Material for the task START

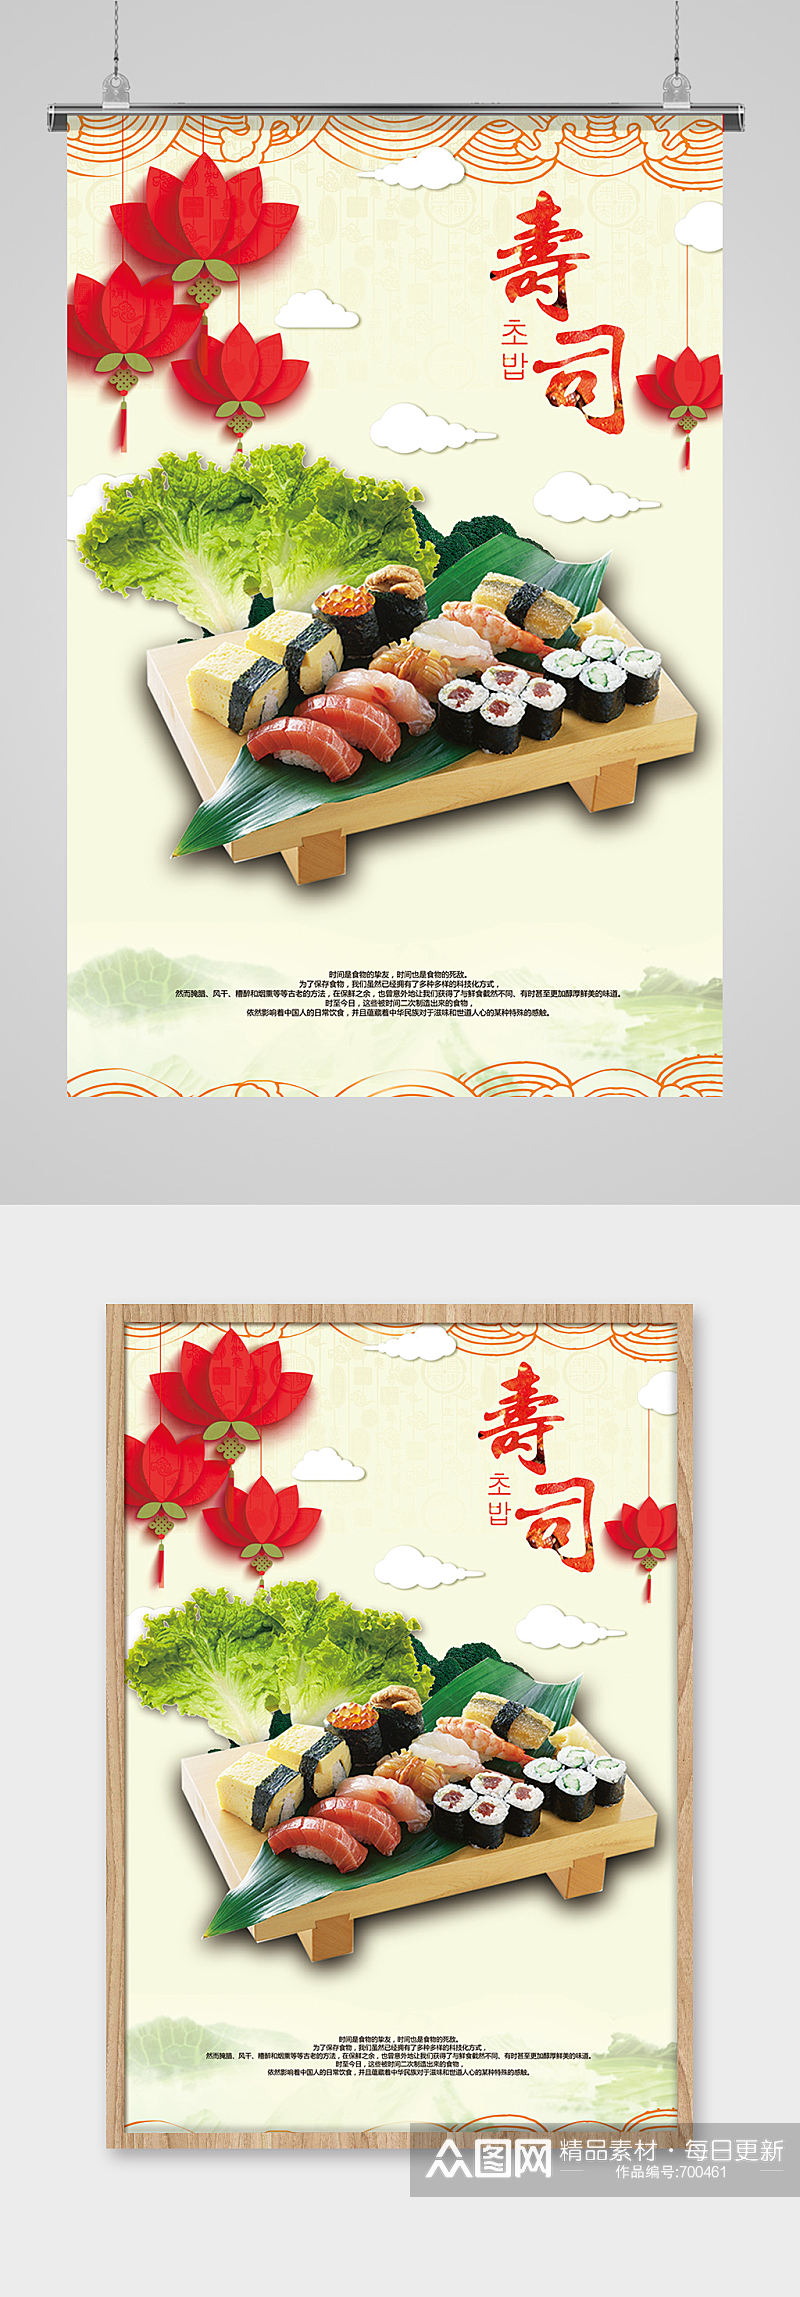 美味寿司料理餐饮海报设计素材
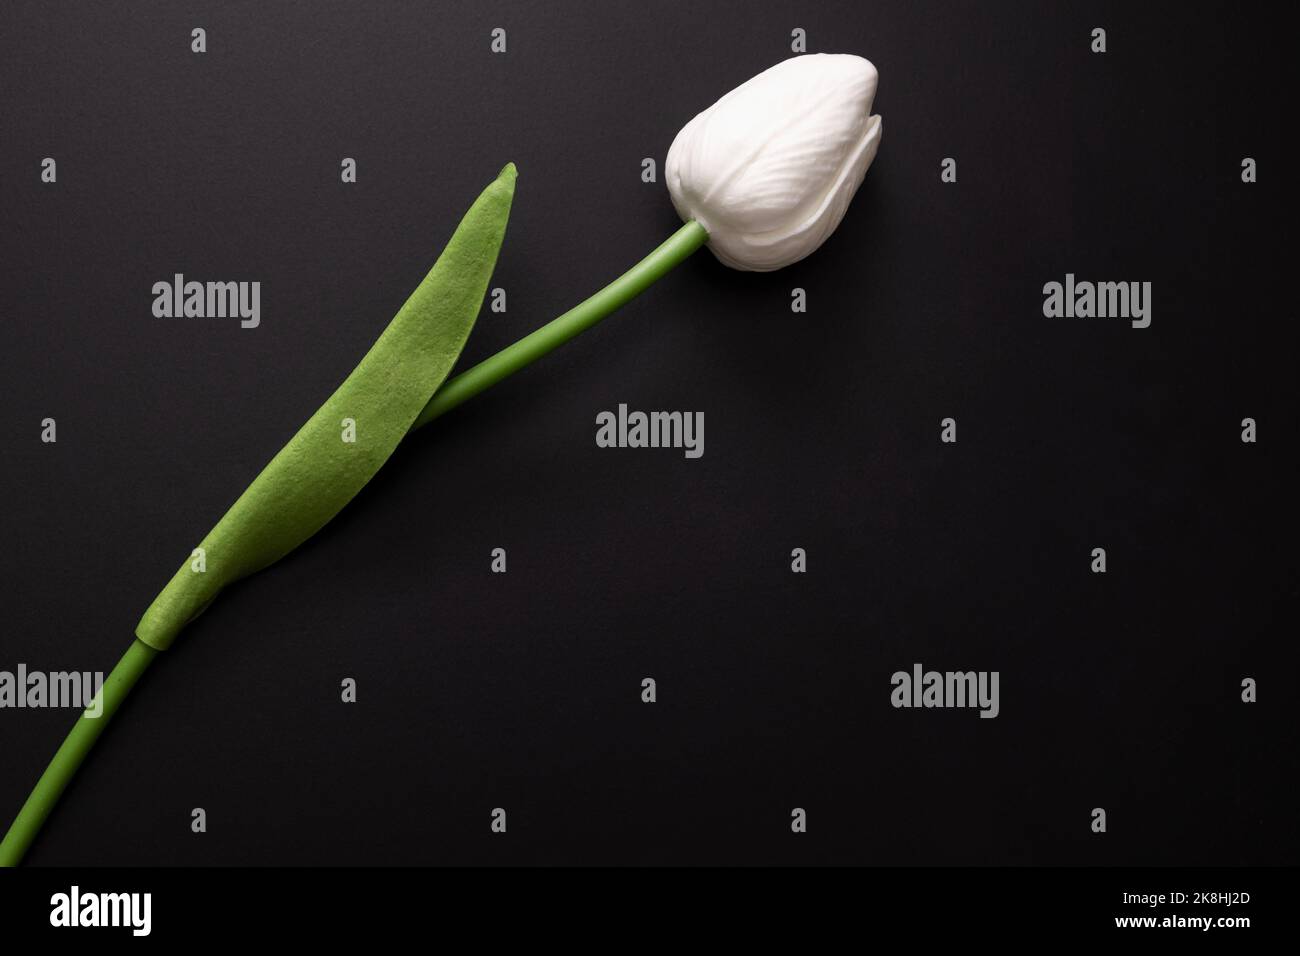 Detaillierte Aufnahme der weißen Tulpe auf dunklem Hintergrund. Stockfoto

Material for the task END
Material for the task START

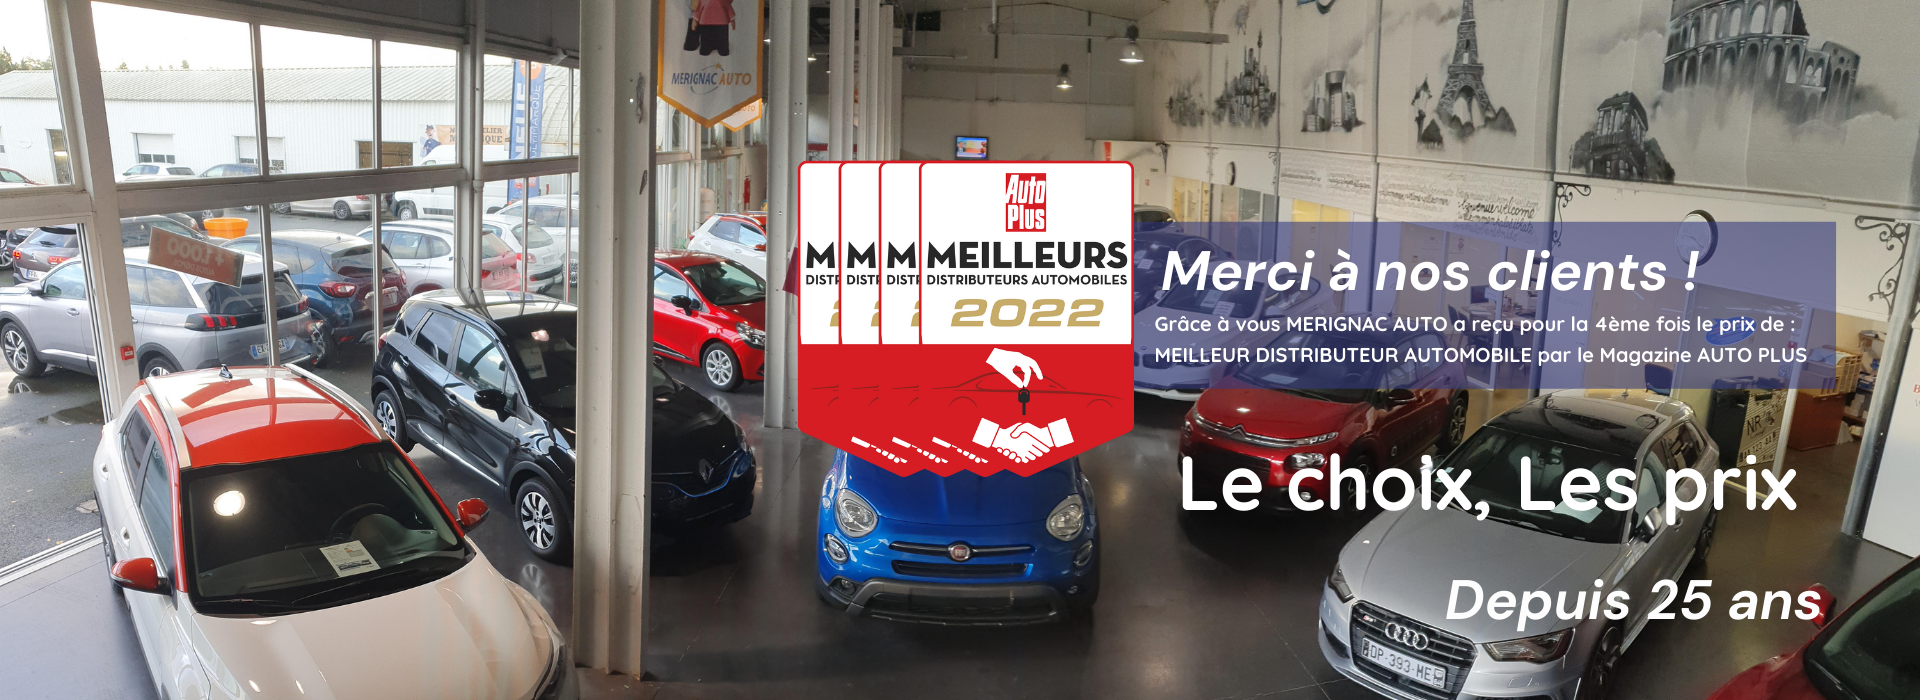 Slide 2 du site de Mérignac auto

Material for the task END
Material for the task START

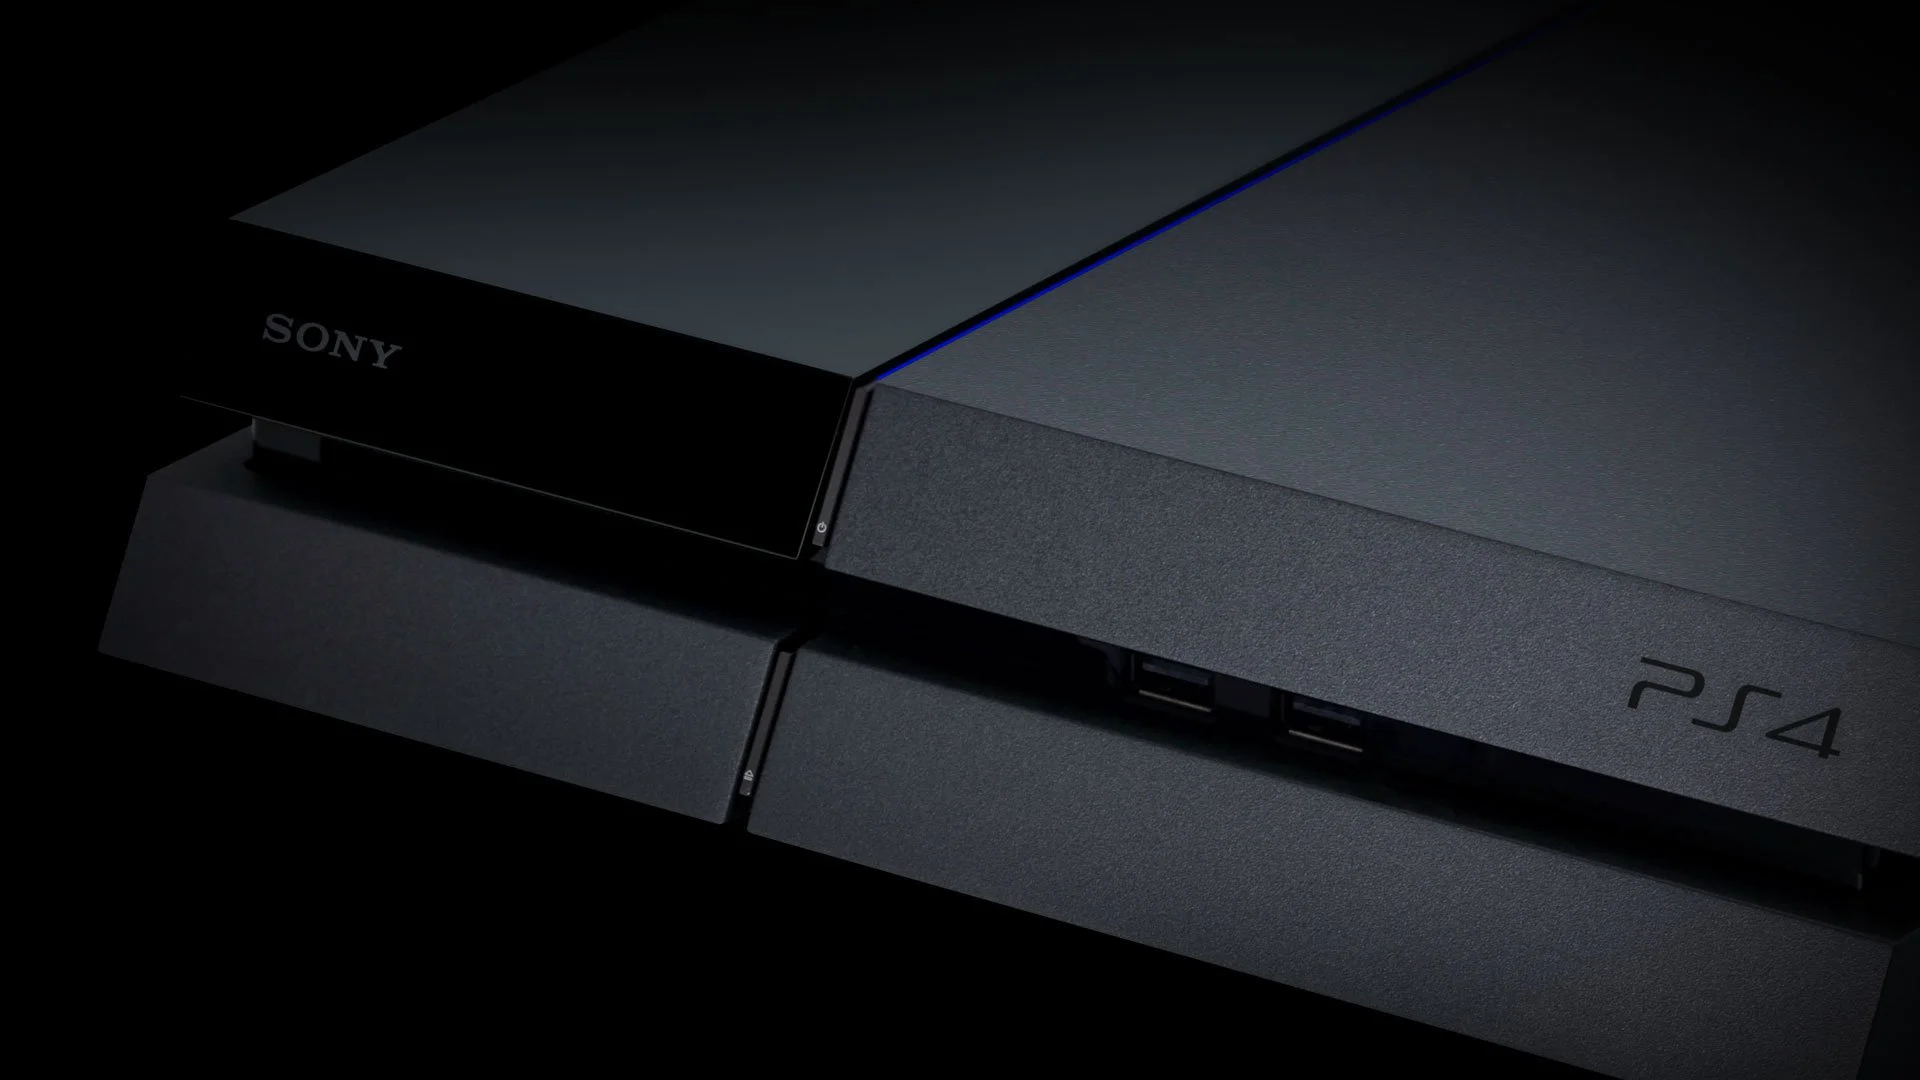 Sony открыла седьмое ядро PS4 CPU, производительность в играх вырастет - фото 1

Material for the task END

What is being asked >>
Copy everything above from the line holding "美味寿司料理餐饮海报设计素材" down to the line holding "Detaillierte Aufnahme der", both ends included, exactly as it stands and without the pictures.

Answer for the task >>
 美味寿司料理餐饮海报设计素材
 Detaillierte Aufnahme der weißen Tulpe auf dunklem Hintergrund. Stockfoto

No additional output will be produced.